● **Work request**
Set down, word for word, the line with "Підшипник включення зчеплення" and the lines after it through the final line of the data below, without pictures.

● **Recorded information**
____

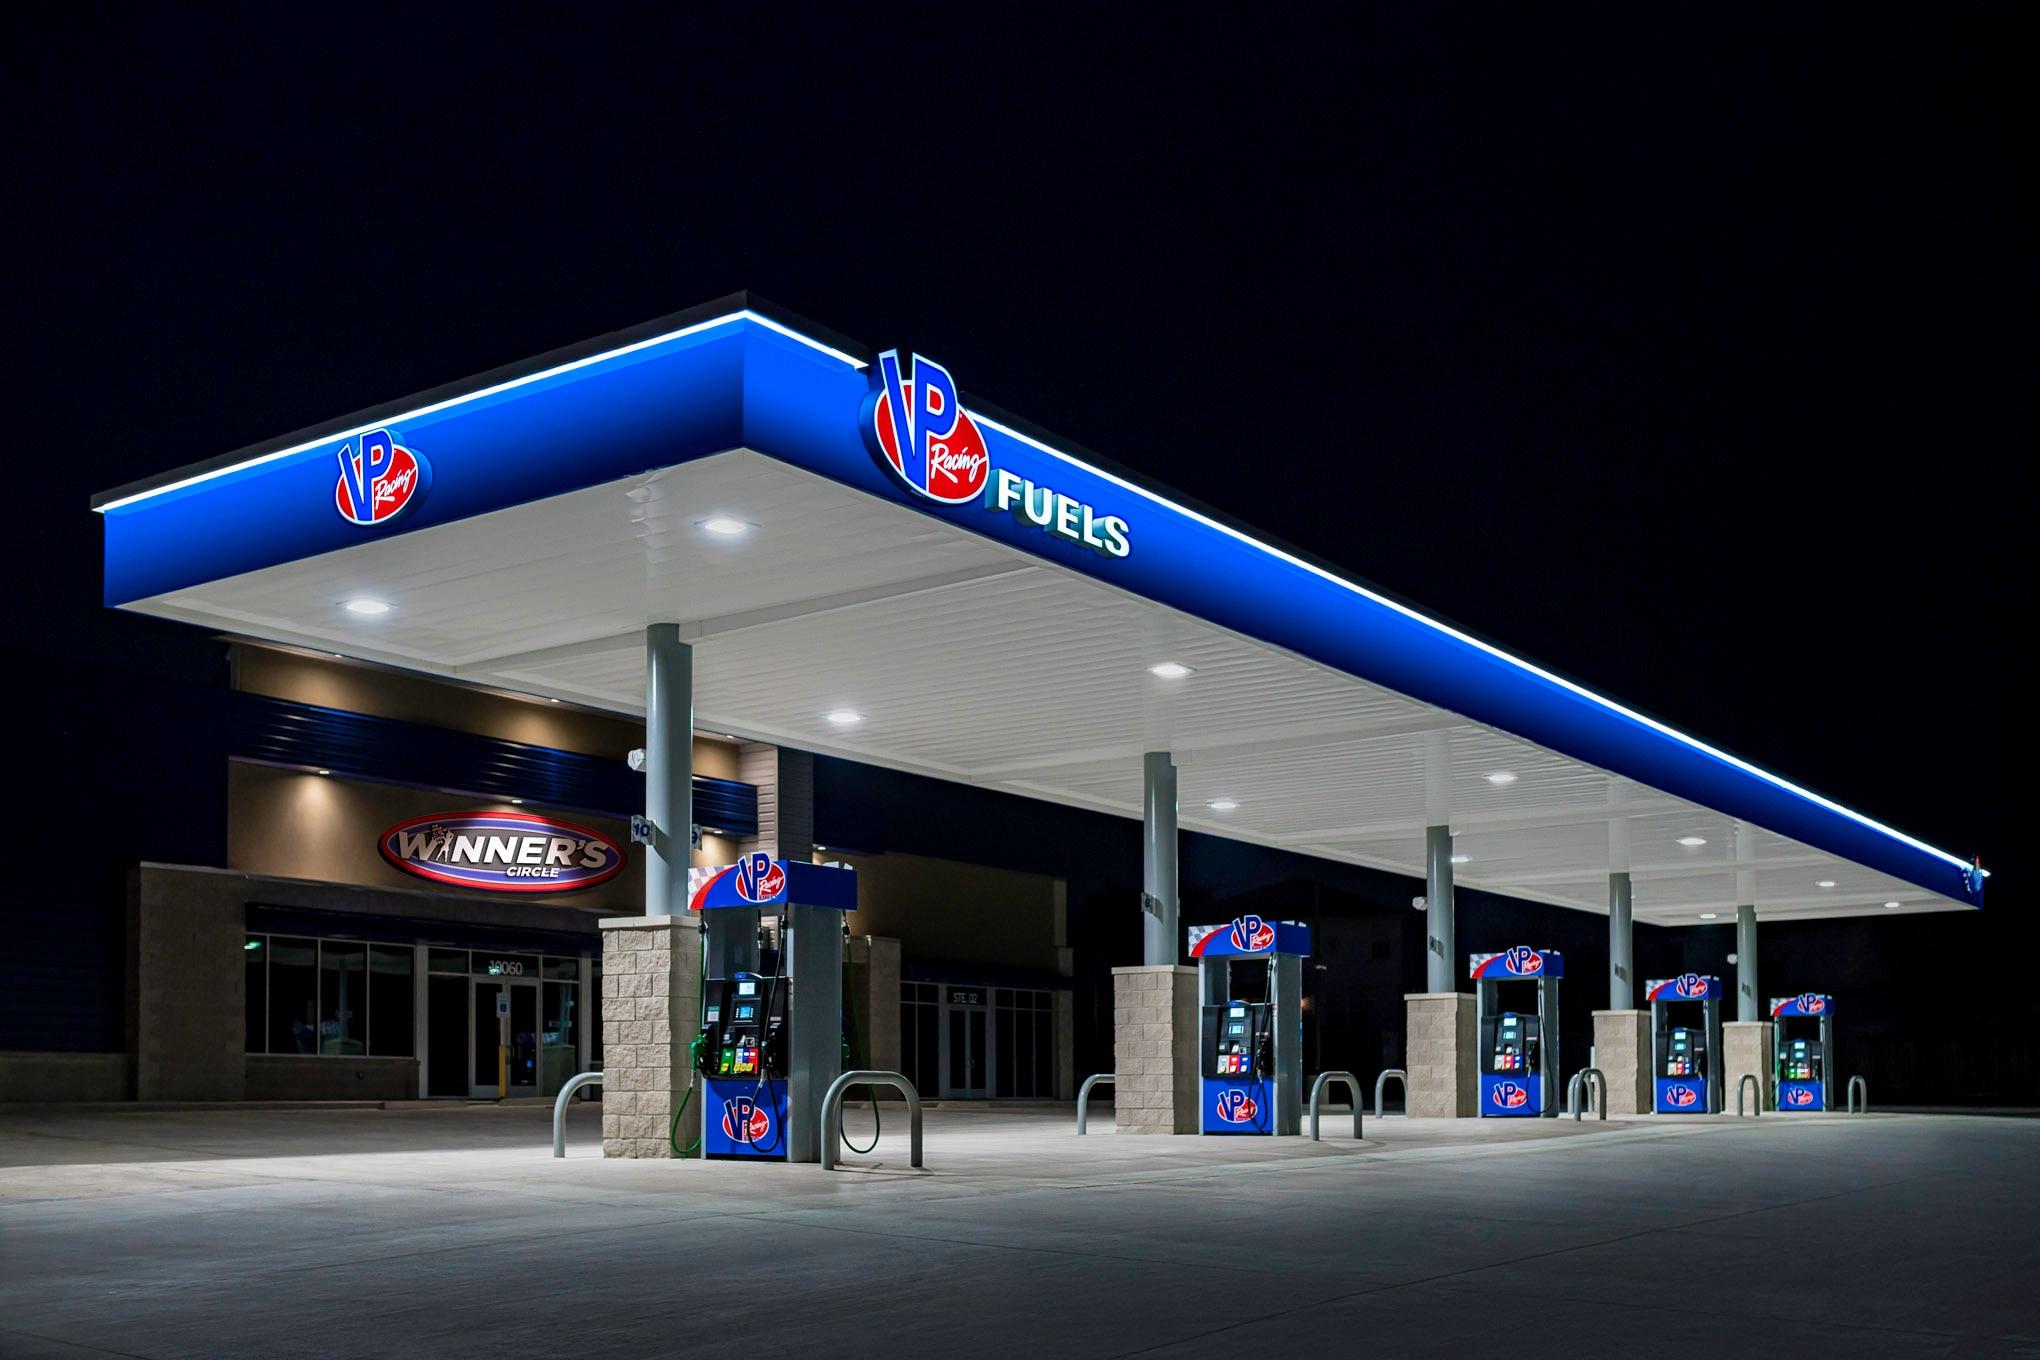 Vp Branded Gas Station
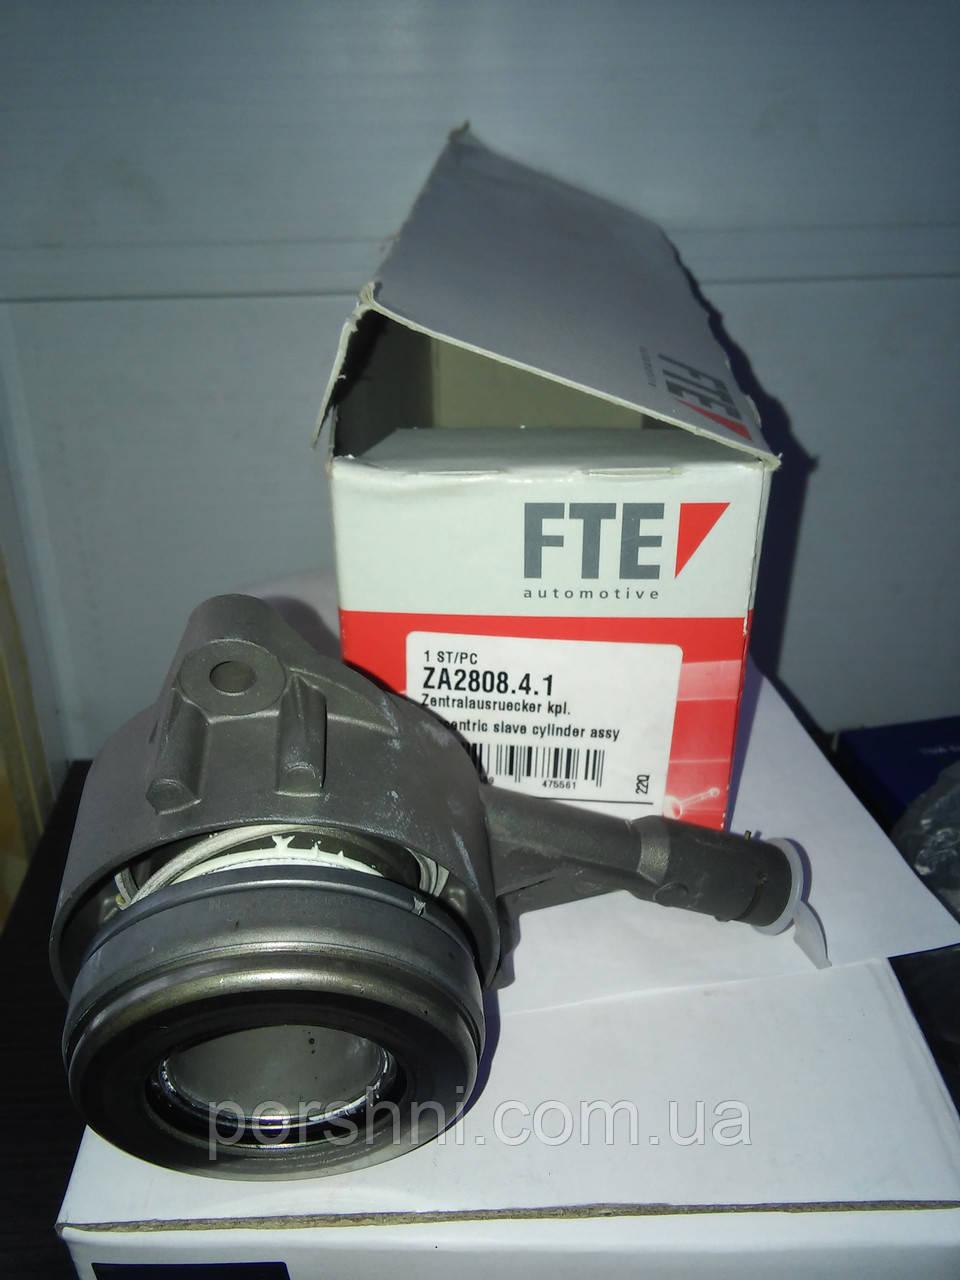 Підшипник включення зчеплення Ford Тransit 2006 -- V347 2.4 - 3.2 6 ступ коробка FTE ZA2808.4.1
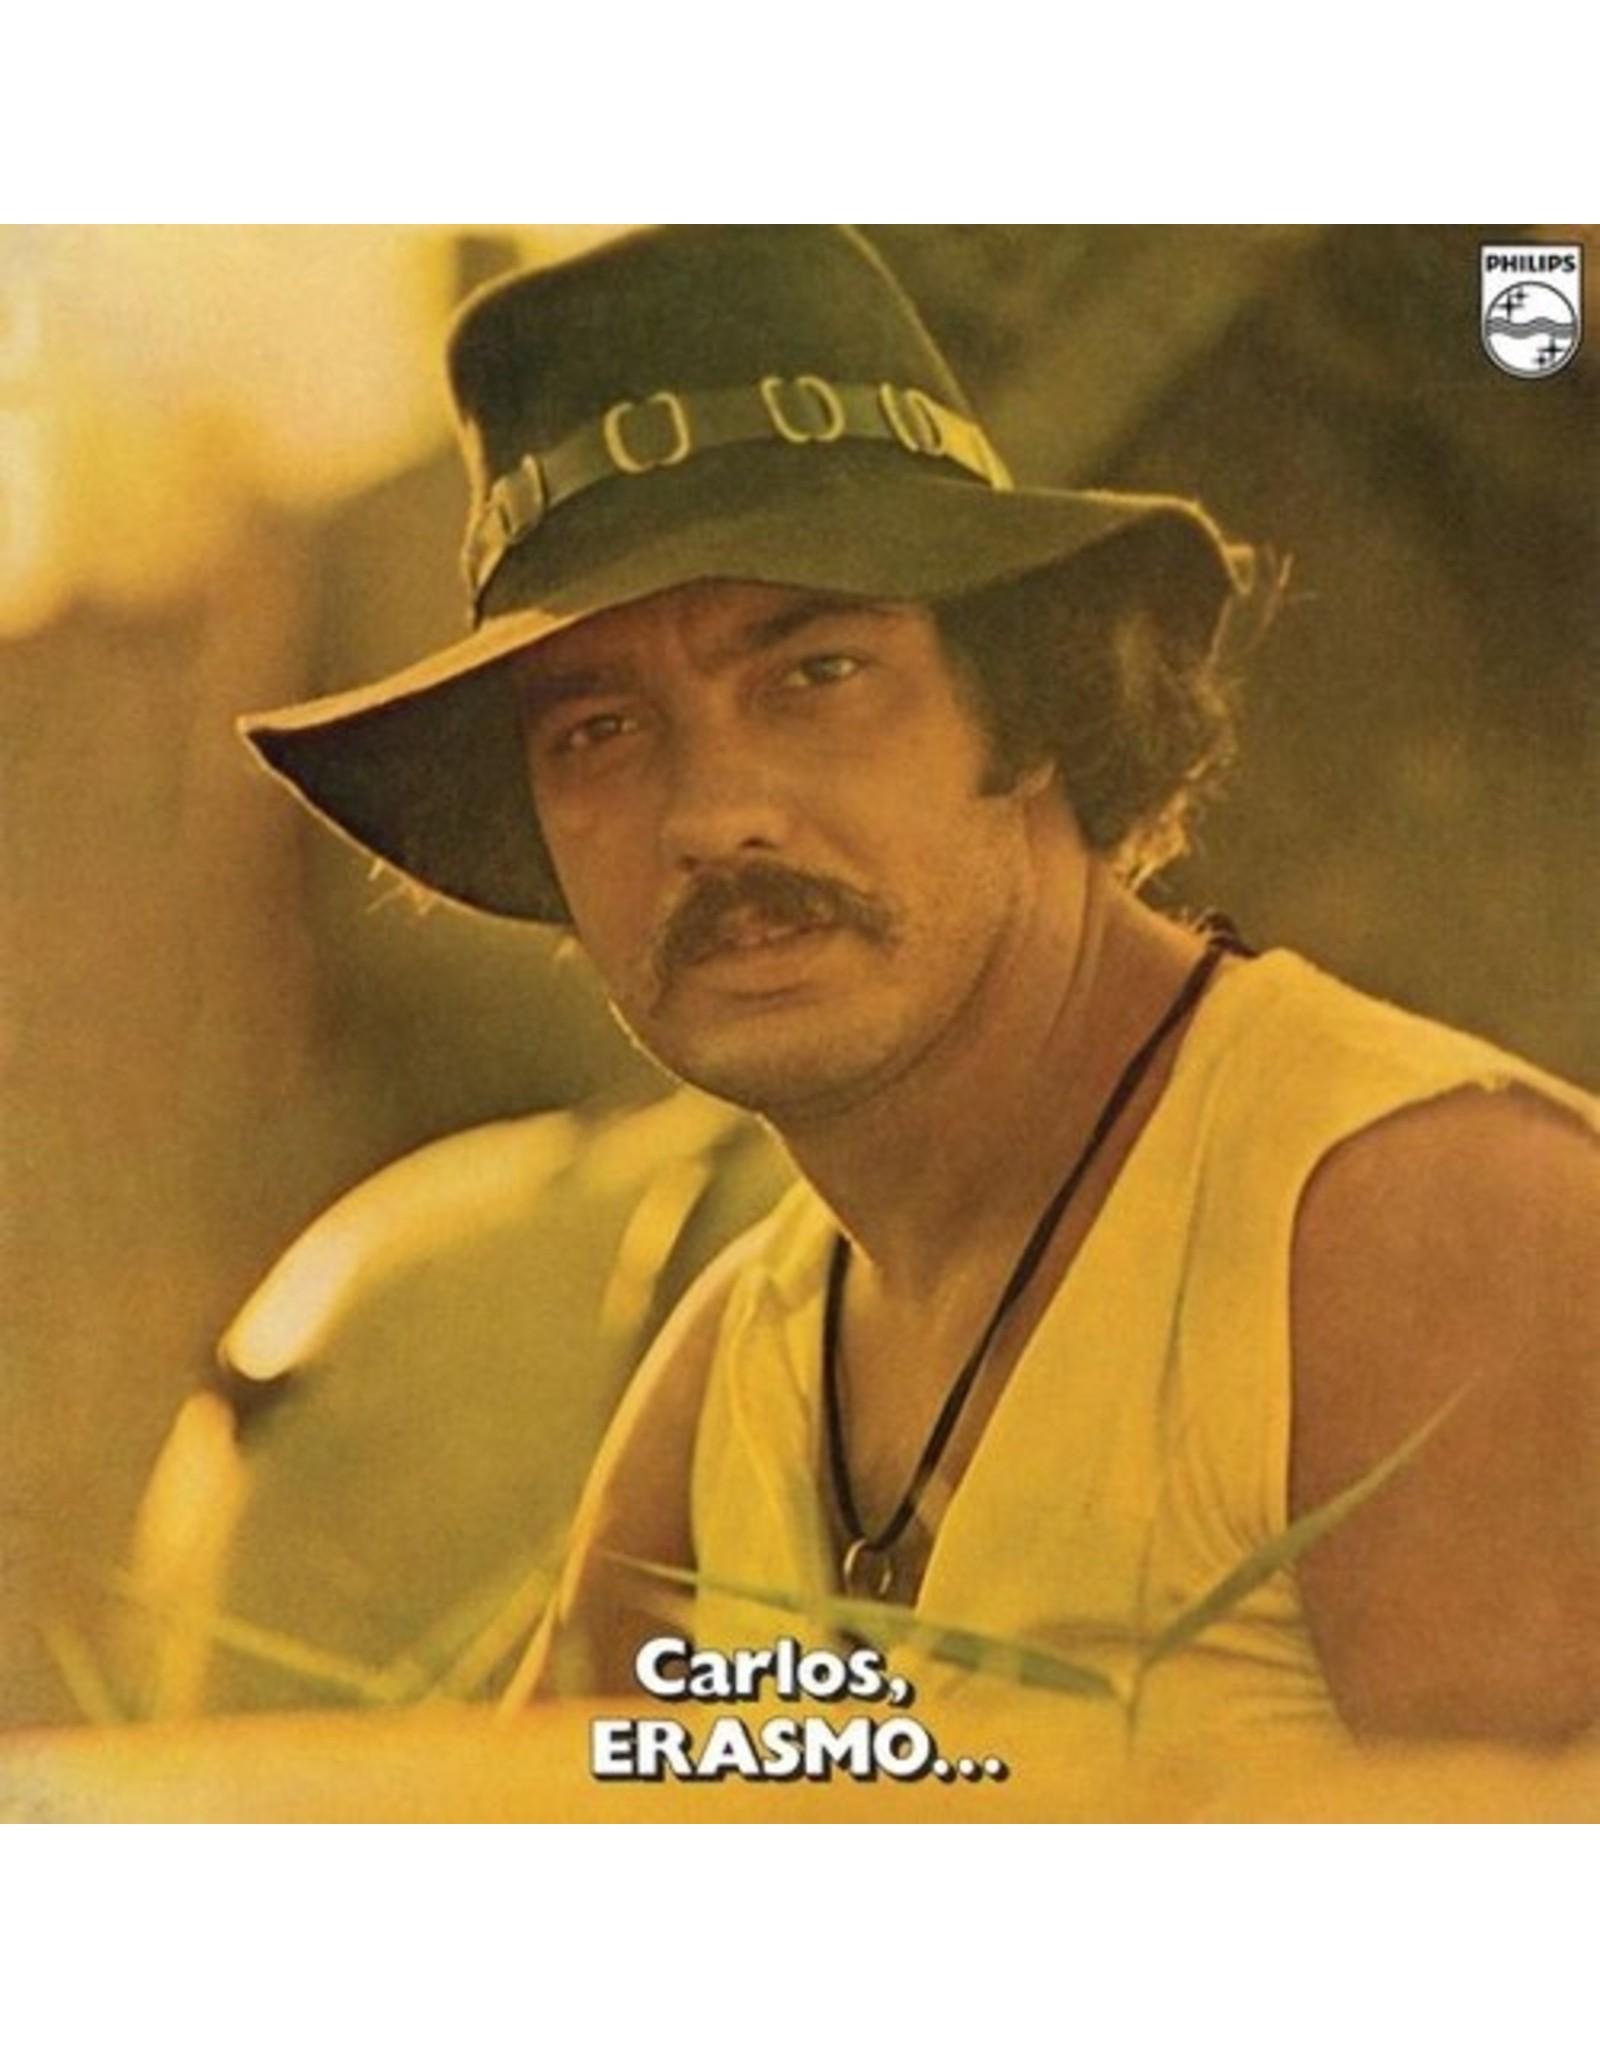 New Vinyl Erasmo Carlos - Carlos, ERASMO [Brazil Import] LP

____

● **Problem solution**
 Підшипник включення зчеплення Ford Тransit 2006 -- V347 2.4 - 3.2 6 ступ коробка FTE ZA2808.4.1
 New Vinyl Erasmo Carlos - Carlos, ERASMO [Brazil Import] LP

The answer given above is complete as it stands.